What should have been the last puzzle in Le Monde competition turned out to be an anticlimactic fizzle on how many yes-no questions are needed to identify an integer between 1 and 1025=2¹⁰+1 and an extension to replies possibly being lies

What is much more exciting is that voting puzzle #1021 got cancelled because the authors of this puzzle thought the cascading majority rule would produce the optimal solution and it does not! (As exhibited by my R code.) So here is an open problem to ponder about! (And another puzzle in the pipeline to complete the competition.)

Le Monde puzzle [#1024]

Posted in Books, Kids with tags , , , , , , , on October 10, 2017 by xi'an

The penultimate and appropriately somewhat Monty Hallesque Le Monde mathematical puzzle of the competition!

A dresser with 5×5 drawers contains a single object in one of the 25 drawers.

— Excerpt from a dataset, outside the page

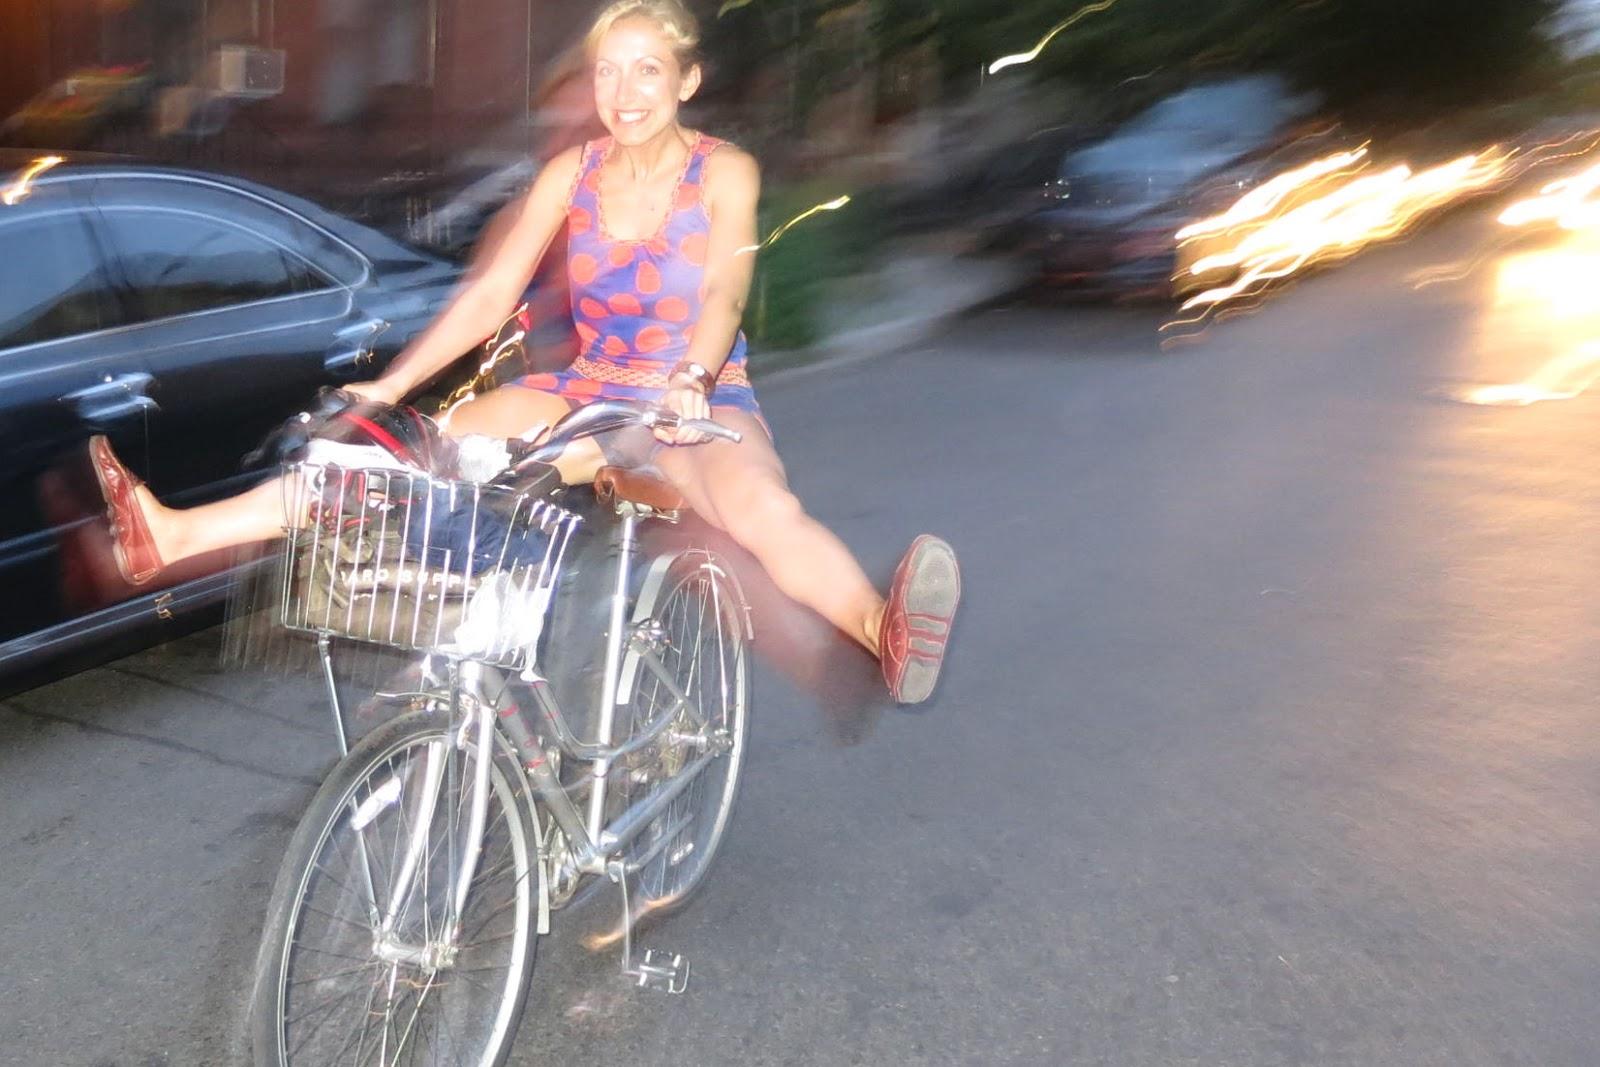 Panties Bike 118
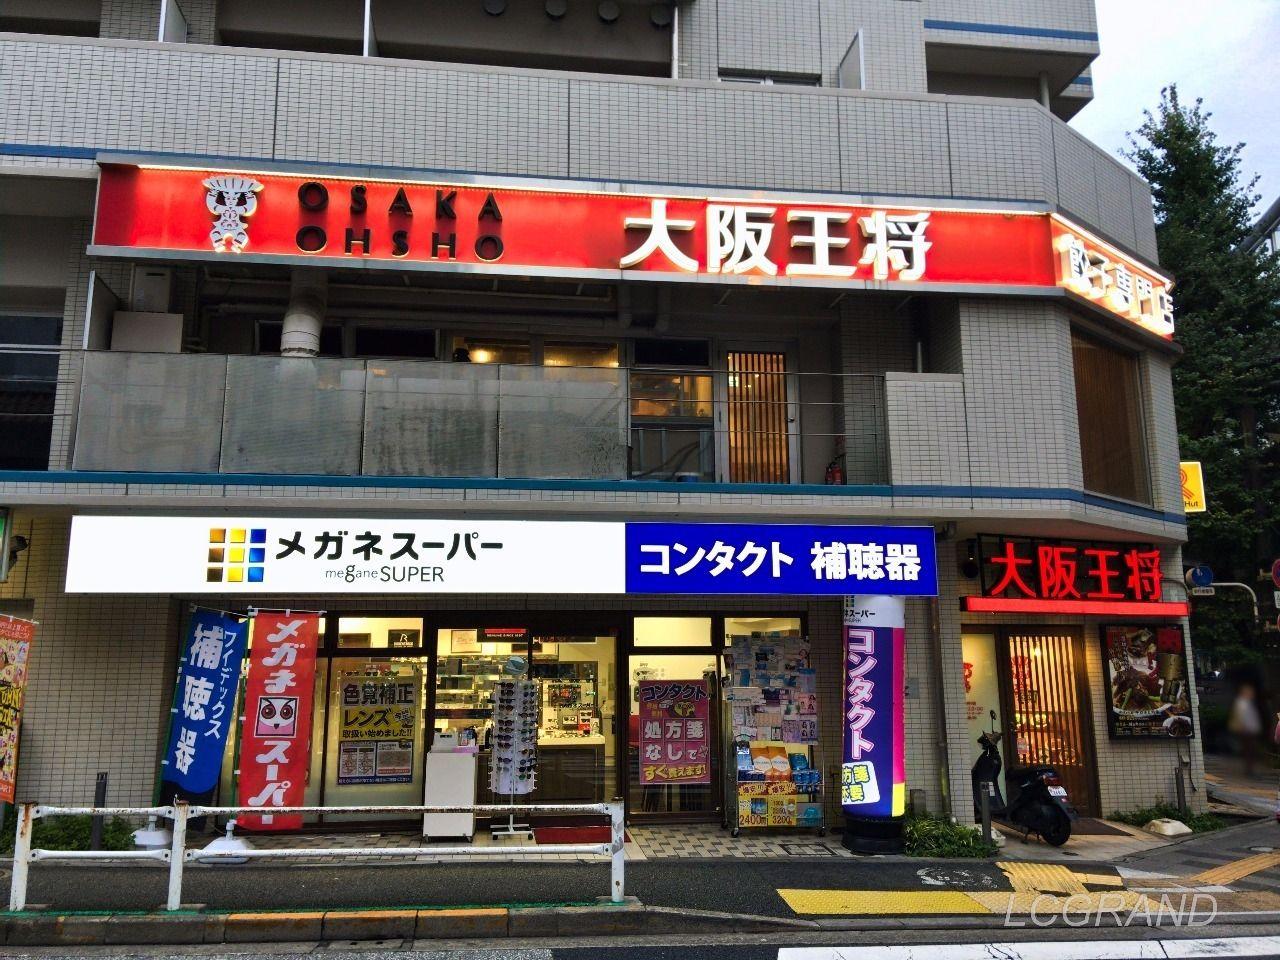 駒沢交差点にある世田谷区唯一の大阪王将

A player opens a drawer at random and, after each choice, the object moves at random to a drawer adjacent to its current location and the drawer chosen by the player remains open. What is the maximum number of drawers one need to open to find the object?

In a dresser with 9 drawers in a line, containing again a single object, the player opens drawers one at a time, after which the open drawer is closed and the object moves to one of the drawers adjacent to its current location. What is the maximum number of drawers one need to open to find the object?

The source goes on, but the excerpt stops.